Percebi a titi caminhando para mim, lenta, lívida, medonha… Estacou.


E através dos dentes cerrados cuspiu esta palavra: - Porcalhão! E saiu. E a Vicência surgiu diante de mim: - Menino! Menino! A senhora manda dizer que saia imediatamente para o meio da rua, que o não quer mais nem um instante em casa… Despedido! Estava só na rua e na vida! E então descobri que a caixa, apanhada tontamente entre as malas, era a das relíquias menores. Marchei. Havia uma semana que farejava Lisboa à busca de pão incerto, quando uma manhã o André da Pomba de Ouro me trouxe uma carta que lá fora deixada. Abri.

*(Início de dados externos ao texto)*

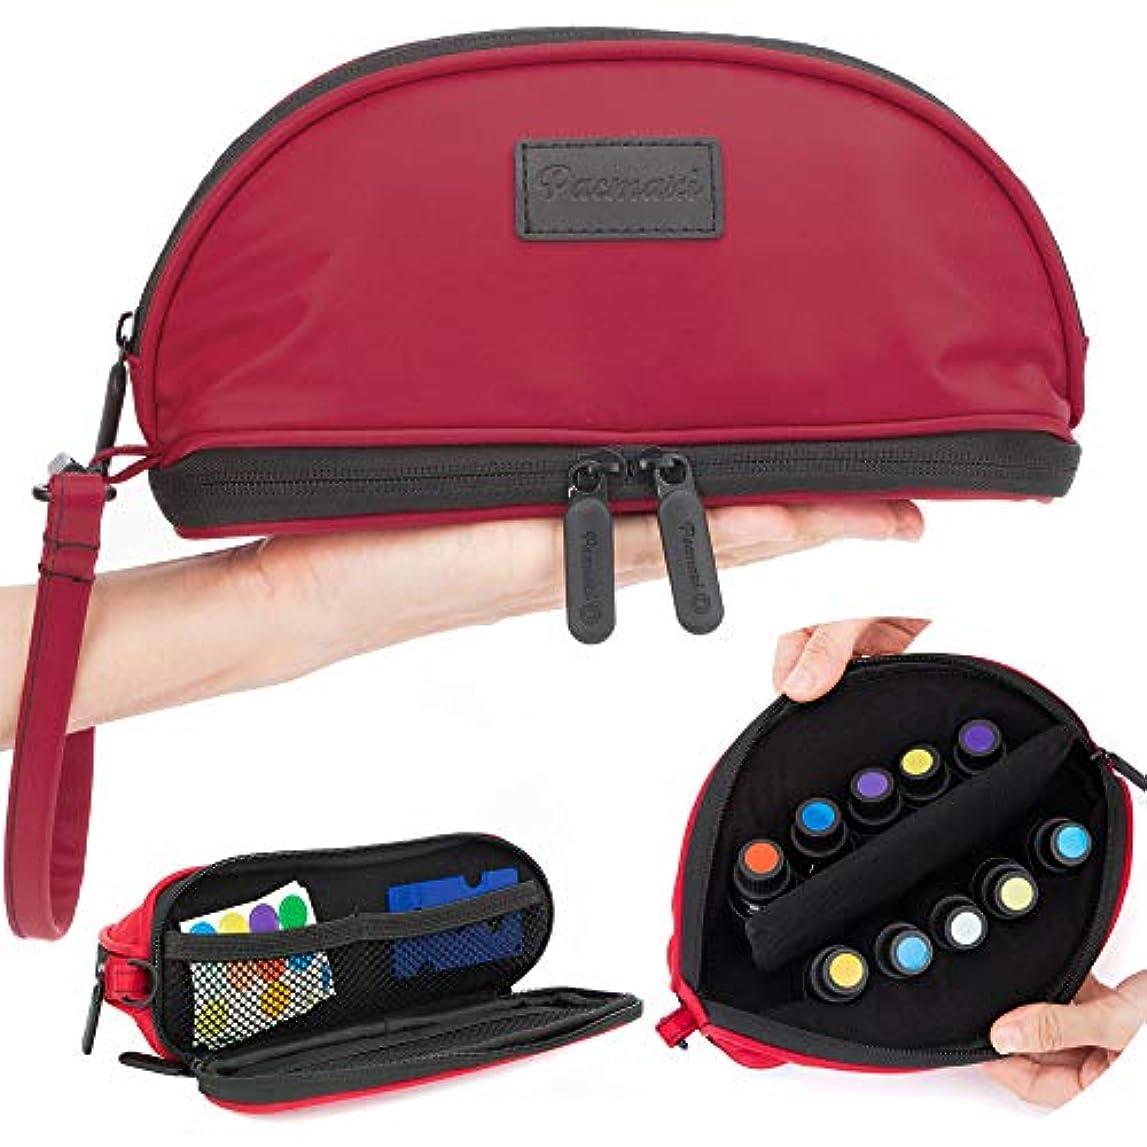 プラス実行するスーツ[Pacmaxi]エッセンシャルオイル 収納ポーチ 携帯便利 旅行 10本収納(5ml - 15ml) ナイロン製 撥水加工 ストラップあり (レッド)

“Meu querido amigo. É meu dever participar-lhe que sua respeitável tia sucumbiu. Do testamento consta que deixa a seu sobrinho Teodorico o óculo que se acha pendurado na sala de jantar…” Eu – o óculo. Para ver o resto de longe. Ao outro dia entrei no jardim de S. Pedro de Alcântara. E mal dera alguns passos encontrei o meu amigo Crispim, filho de Teles, Crispim & Cª. Era


este o louro Crispim, que outrora no Colégio me dava beijos no corredor e me escrevia bilhetinhos. Crispim velho morrera e este meu Crispim era agora a firma. Parámos num banco e aí, no silêncio narrei a camisa de Mary, a relíquia no seu embrulho, o óculo e o meu quarto miserável na Travessa da Palha. - De modo, Crispinzinho da minha alma, que aqui me encontro sem pão! - Ora o queijo dou-to eu, meu velho! Ora tu tinhas uma boa letra. Uma conta de somar sempre saberás fazer… Com duas lágrimas a tremerem-me nas pestanas, abracei a firma. Ora num sábado de agosto, à tarde, quando eu ia fechar o Livro de Caixa, parou diante da minha carteira, risonho: - Ouve lá, ó Raposão, tu a que missa costumas ir? Amanhã vou com a minha irmã à outra banda. Estou com vontade que conheças a minha irmã!...

- Olha, Crispim, eu nunca vou à missa… Tudo isso são patranhas… Eu não posso acreditar que o corpo de Deus esteja todos os domingos num pedaço de hóstia feita de farinha.


- Pois olha, Raposo, calha-me essa franqueza! Não tens religião mas tens cavalheirismo. Assim eu conheci a irmã da firma. Chamava-se D. Jesuína, tinha 32 anos e era zarolha. Sabia geografia e todos os rios da China, sabia história e todos os reis de França.

Na véspera de Natal, Crispim & C.ª chegou à minha carteira: -Ora diga lá o Sr. Raposo. Há aí dentro desse peito amor verdadeiro à mana Jesuína? - Amor, amor, não… Mas acho-a um belo mulherão; e havia de ser um bom marido. - Dá cá essa mão honrada!- gritou a firma. Casei, sou pai. Tenho carruagem e a consideração do meu bairro. Agora, pai, comendador, proprietário, eu tinha uma compreensão mais positiva da vida.